Craig Bruce Smith: Yeah, it was the first time in history where labels didn’t matter. You’re right. It wasn’t even really about the money, and they were very clear about that, that the duties on tea, negligible. The cost of tea was actually made cheaper. It involved things with monopolies, and it’s long and complicated, but it was wearing homespun clothing, using local products, made in America. That was a sign of honor. That was a sign of, “Look, we are embracing that we are equal to Britain.” At first it’s, “We are all true born Britains,” but then it becomes more about a early identity as America is something distinct, and something, in many ways, superior, by that point, to the British.

Brett McKay: I remember I’ve read things about some of the founding fathers talking about how the Britains were effete because of their fine clothing and their silks, and all this stuff, and, “We are the heirs of Sparta and Rome, where we really embrace Roman virtue and temperance and frugality,” and they kind of had a chip on their shoulder about it.

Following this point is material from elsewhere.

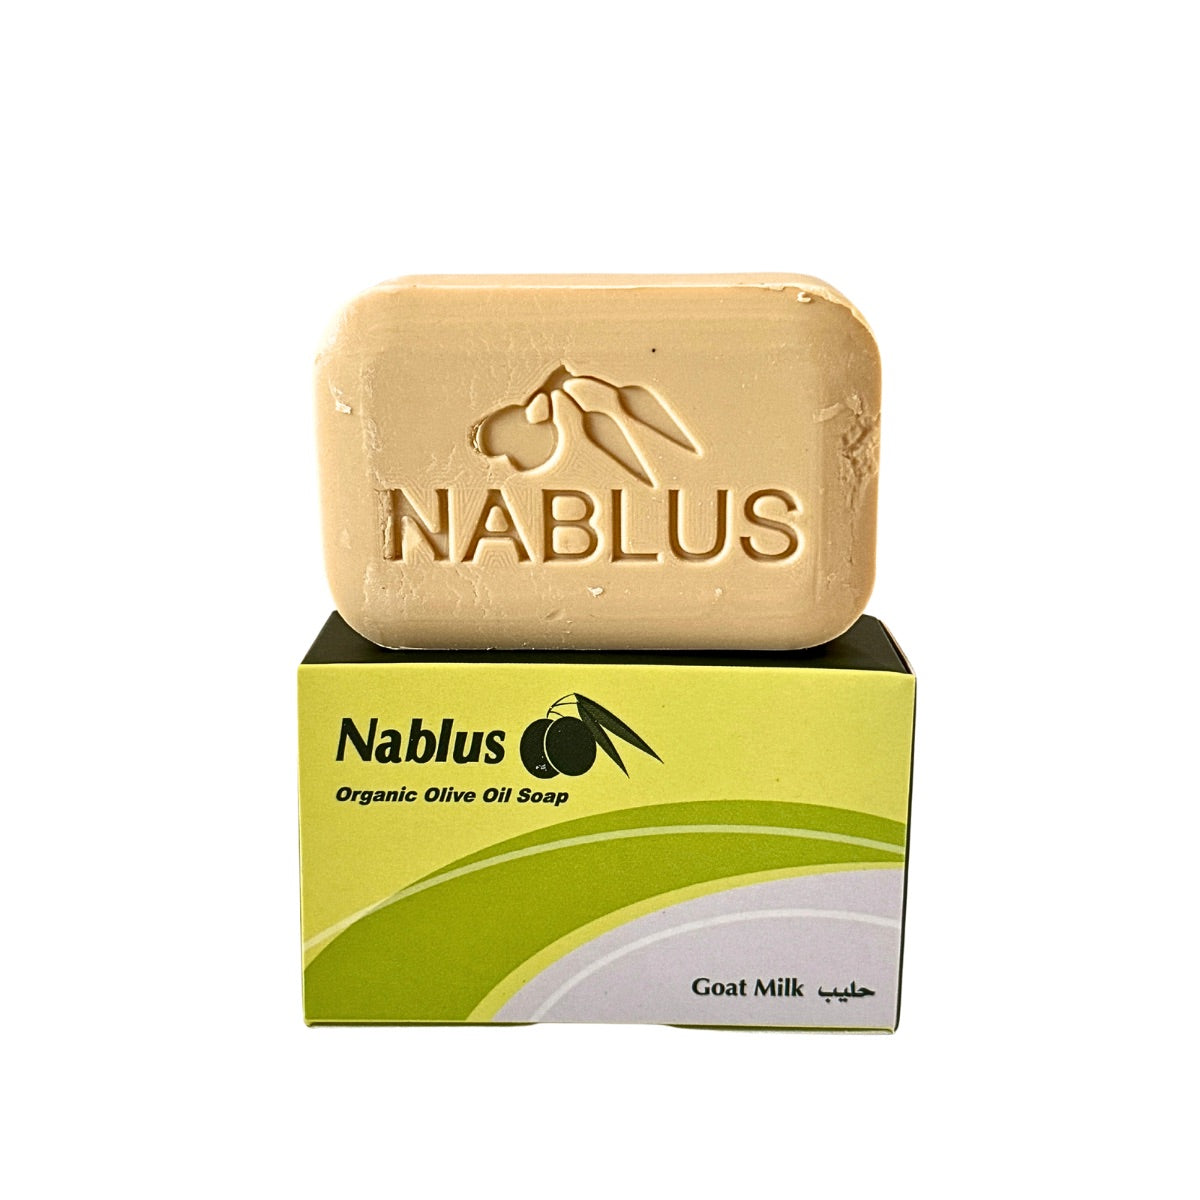 Scented Soap from Nablus

Craig Bruce Smith: Yeah, exactly. Britain became the den of decadence. They were the Nero-esque Rome, whereas Americans embraced the idea of Cincinnatus, or Cato, the idea of the greater good, of civic virtue, of sacrificing for the good of the many.

Brett McKay: The start of the Revolutionary War, honor played a role in there too, when the Americans thought, “Well, yeah, we can now fight Britain because they shot first.”

Craig Bruce Smith: Still, to this day, we don’t know who shot first. Each side blames the other, but the idea, if you’re thinking of philosophical ideas at that time, you have Vattel, the idea of what becomes sort of just war. A defensive war is honorable, so if the British fired first, as Jefferson’s going to say, “They’re murderers. We have a duty to defend ourselves. They’re killing their own people.” It’s very much cast in this way, and that’s also how the Continental Army is formed, and Washington’s going to say he wants gentlemen, men of character with a proper sense of honor, so the idea that if you’re a man of honor, it will translate into the military, that you will abide by certain rules, you will have a certain standing, you will know how to command.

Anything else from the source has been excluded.